Нет, ни Асторов, ни Вандербильтов ей заманить не удалось, зато фальшивой аристократии было в избытке. Миссис Кэндес Уилер, специалист по оформлению интерьеров, почтила бал своим присутствием, несомненно для того, чтобы защитить выбор хозяев дворца – в частности, безвкусные цветочные витражи в окнах. Внутреннее убранство – истинный образец роскоши и вкусовой непритязательности: в доме беспорядочно перемешаны антикварные диковины с бюстами Вашингтона, Франклина и американскими флагами.
– Они отметили Джорджа и Бена, – воскликнула я. – И флаги!
– Этим мы и гордимся, – сказал Чарли.
Гордимся, да. По всему миру разошлось: семья Джонс почитает флаг, свободу и демократию, символом которых является этот флаг. Бюсты Вашингтона и Франклина у нас не случайно, как и флаг. Мы патриоты и гордимся тем.
Но ни один флаг не мог защитить от парового катка, что несся на нас тогда полным ходом. Мистер Комсток весил больше двухсот пятидесяти фунтов, тогда как во мне и девяноста не наберется. Поединок во всех смыслах неравный.
– Ты опять в новостях, миссис Джонс, – мрачно сказал муж за завтраком вскоре после большого бала и протянул мне газету. – «Гералд» благословил мистера Комстока на действия в отношении тебя. Они называют его «инспектор Господа», а сам он себя именует Председателем Общества по ликвидации порока.
Я прочла статью. Грудь мою пронизал страх.
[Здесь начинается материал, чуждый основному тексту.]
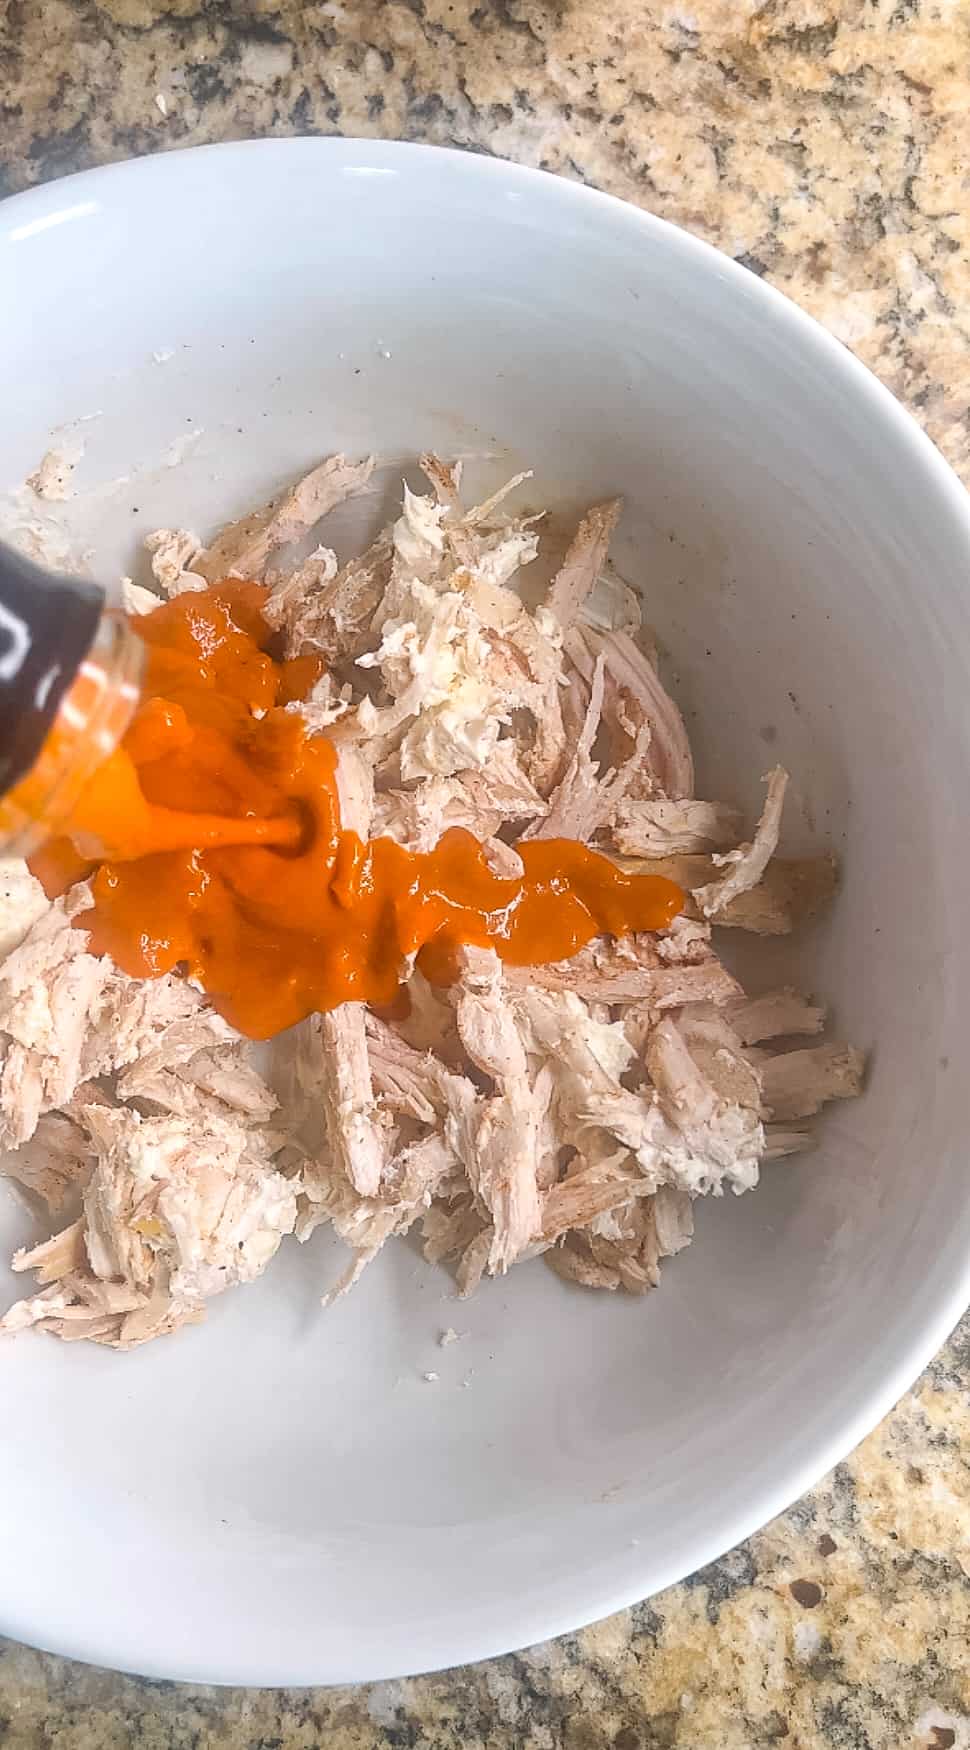 Buffalo sauce being added to shredded chicken and cream cheese mixture.

Общественные приличия требуют, чтобы государство защищало граждан от так называемых целителей, которые ничем не лучше шарлатанов. Благодаря усилиям мужественного крестоносца Энтони Комстока страницы «Гералд» ныне не содержат рекламы такого рода, но эти преступники от медицины безнаказанно продолжают свою деятельность. Самая нечестивая из них, Мадам Де Босак, она же миссис Энн Джонс с Пятой авеню, именно тот случай. Какое-то время назад она уже побывала в Томбс, но избежала справедливого наказания. И когда восторжествует справедливость, кому же сидеть в государственной тюрьме, как не владелице самого роскошного дома на Пятой авеню. Пусть мистер Комсток начнет свой крестовый поход – дабы заставить замолчать торговцев всякой дрянью в нашем городе, изгнать этих ведьм, несущих страдание, уничтожить их логово.
– Они снова придут за нами, – прошептала я, роняя газету.
– Накажи Мэгги и Грете быть осторожнее, – сказал Чарли. – Чтобы смотрели, кого пускают в дом. Любой стук в дверь может изменить жизнь.
И жизнь изменилась. Но не так, как думал Чарли.
Глава вторая
Это ты
– Мадам, тут у меня леди, которая отказывается входить через дверь кабинета, – доложила Мэгги.
– Если она не желает войти туда, где я осматриваю пациенток, отправь ее восвояси.
– Я пыталась, мадам. Она настаивает, чтобы я ее впустила.
– Ох, наверное, дамочка из Общества моральной реформы. Скажи ей, чтобы поискала настоящего грешника.
– Но она утверждает, что вы подруги.
Мэгги протянула мне визитную карточку. Прочитав имя, я резко вскочила.
Миссис Элиот Ван Дер Вейл.
– Она такая важная, – говорила Мэгги. – И такая упорная. Комната куда-то пропала, звон в голове заглушал голос Мэгги.
Миссис Элиот Ван Дер Вейл.
– Вам нехорошо, мадам? Вы так побледнели.
– Впусти ее, – слабым голосом выговорила я.
– Да, мадам.
Сердце словно кто-то в кулаке стиснул. Руки зажили отдельной жизнью: хватали воздух, теребили юбку, касались лица, будто стремясь убедиться, что все происходит на самом деле. Едва не теряя сознание, я ждала стука каблуков по мраморному полу холла.
– Миссис Ван Дер Вейл, мадам, – доложила Мэгги.
Вот она, передо мной.
А из меня будто выпустили жизнь.
Это была она и не она. Высокая грудь. Лицо обрело скульптурную законченность, особенно хороши были скулы. Ресницы черными фестонами оттеняли розовые щеки. Она сняла шляпку и устремила на меня голубые глаза.
– Датч, – прошептала я.
– Экси?
Мы кинулись друг к другу. От нее пахло «Лилией долины». Я чувствовала, как она напряжена. Какие у нее глаза! Два осколка неба.